Appellate Court Found Unclean Hands Even Though That Ground Was Not Entertained By Lower Court.
Trees, trees, trees! Boy, do they generate disputes between neighbors when views are impacted. The next case is extraordinary because the reviewing court reversed an attorney’s fees award, on its own, based on the equities—too many fees spent on a tree trimming dispute which should have been resolved had the two parties been true neighbors.
Katz v. Puda, Case No. D071644 (4th Dist., Div. 1 Aug. 24, 2018) (unpublished) was a dispute between neighbors, where there was no homeowner association, about obstruction of view by untrimmed trees.

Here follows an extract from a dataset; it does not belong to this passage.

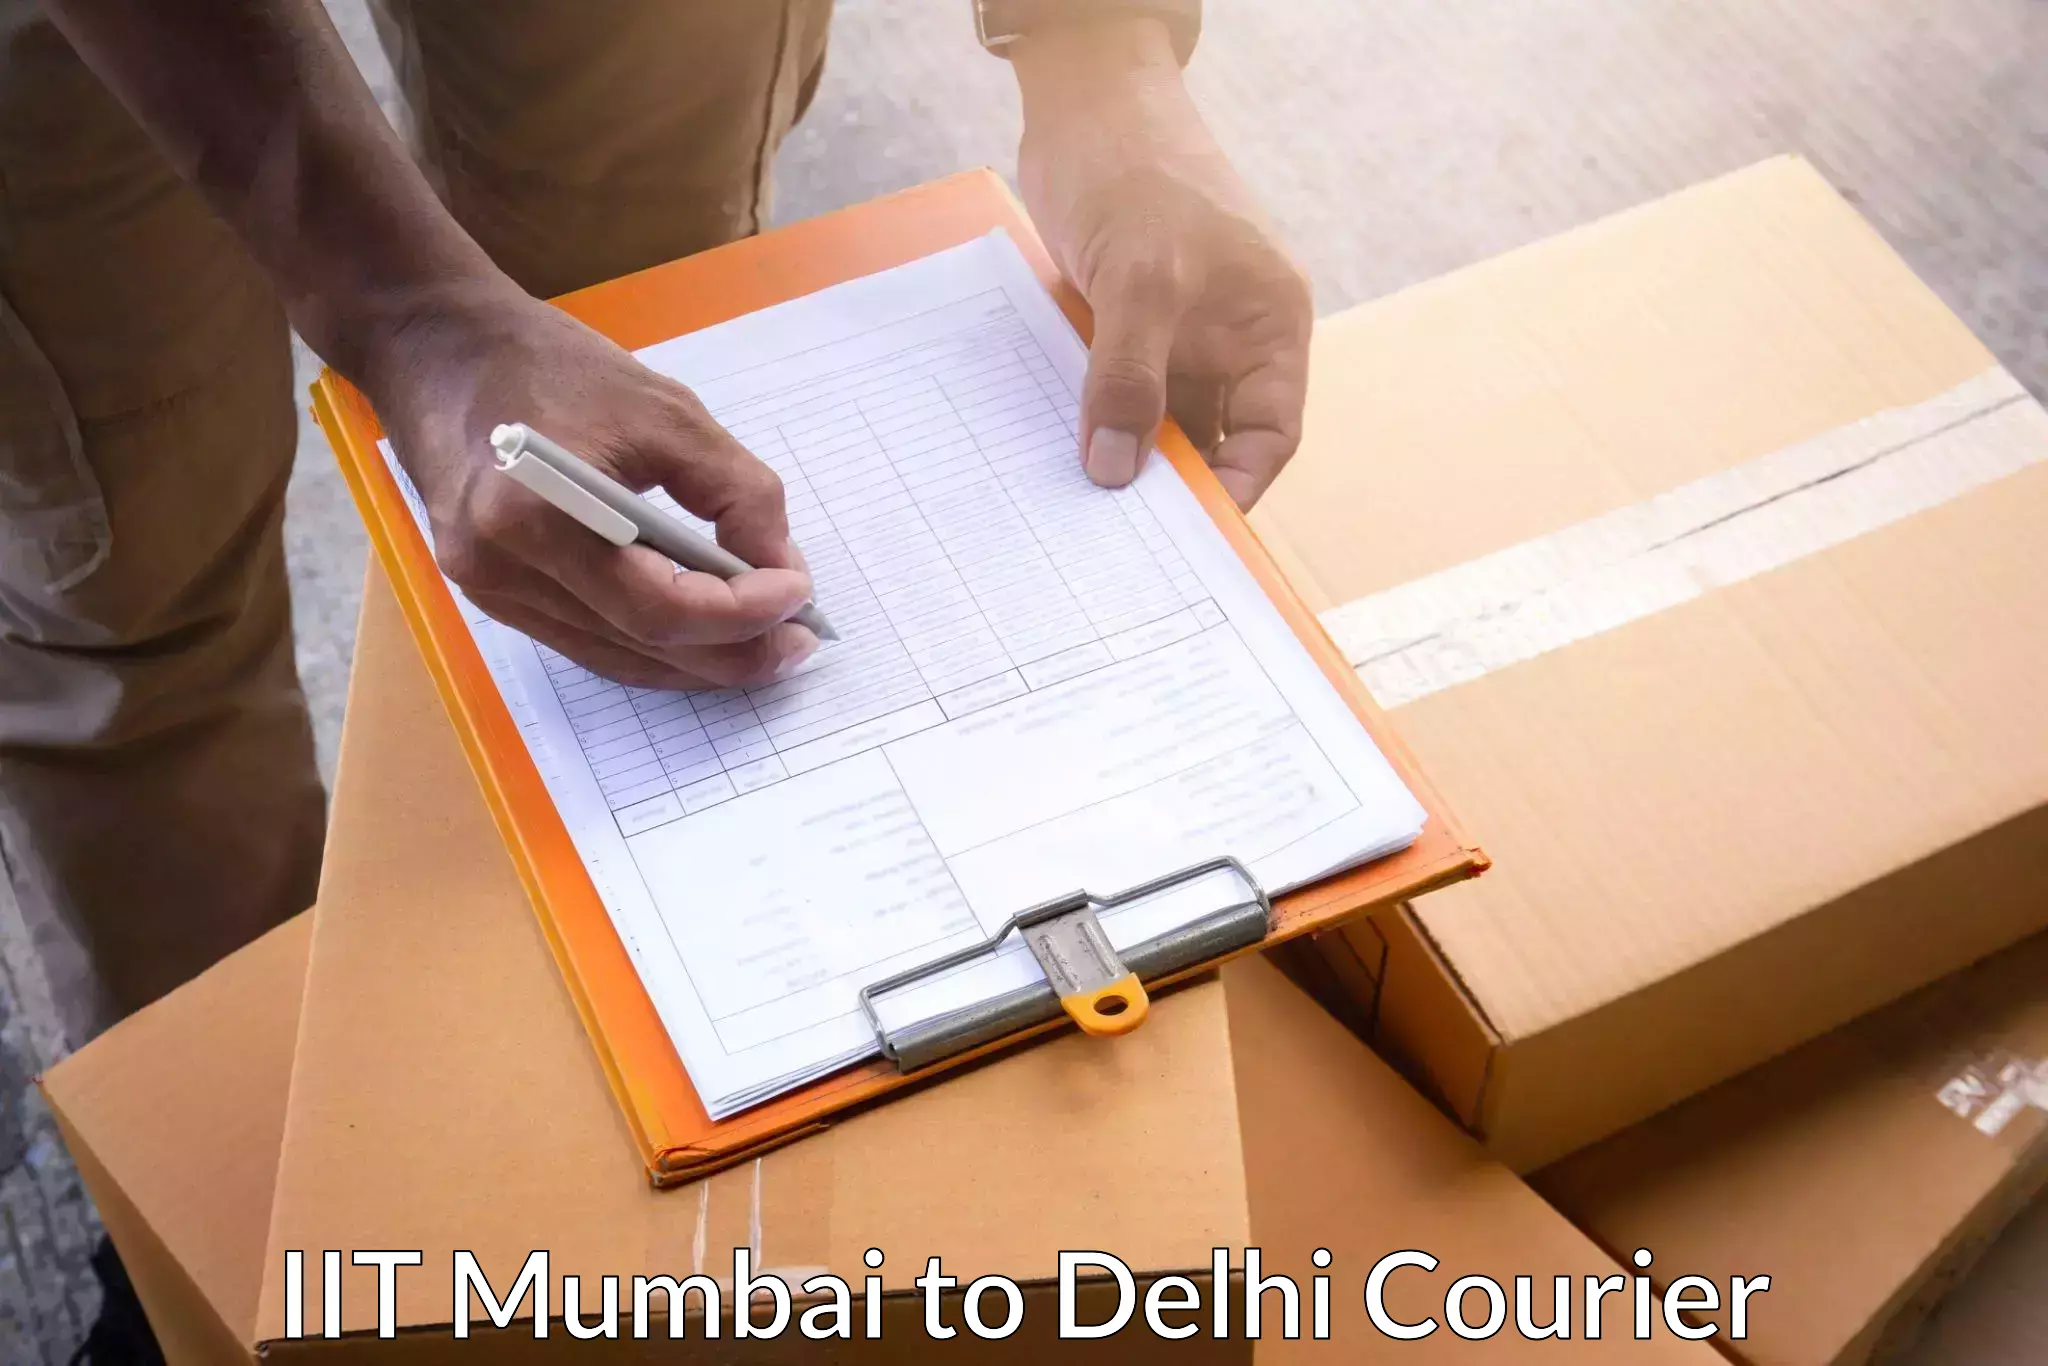 Global shipping solutions IIT Mumbai to Delhi

There was a recorded Declaration of Restrictions (DOR) requiring the trimming of trees, but the neighbors could not reach a resolution and submitted the dispute to a three-day bench trial, where the lower court found the DOR unenforceable and awarded the prevailing neighbor $42,542.50 in attorney’s fees.
The Fourth District, Division 1, on appeal, affirmed the lower court’s denial of tree trimming relief, but on a different ground because it did believe that the DOR was sufficiently clear as to be enforceable. However, it found that the whole dispute was such that both sides were guilty of unclean hands. The dispute should not have escalated to the point of consuming three days of a trial court’s time and attorney’s fees of over $40,000 by one side, with the potential for ongoing enforcement litigation in the courts. That resulted in the wholesale reversal of the fee award—with the appellate court obviously peeved by both parties’ failure to act in a neighborly manner.
BLOG OBSERVATION—The “winning” appellate attorney as far as obtaining a reversal of the fee award was Barry A. Ross, an Orange County-based attorney who does a lot of HOA work and who is an acquaintance of co-contributor Marc. Congratulations, Barry.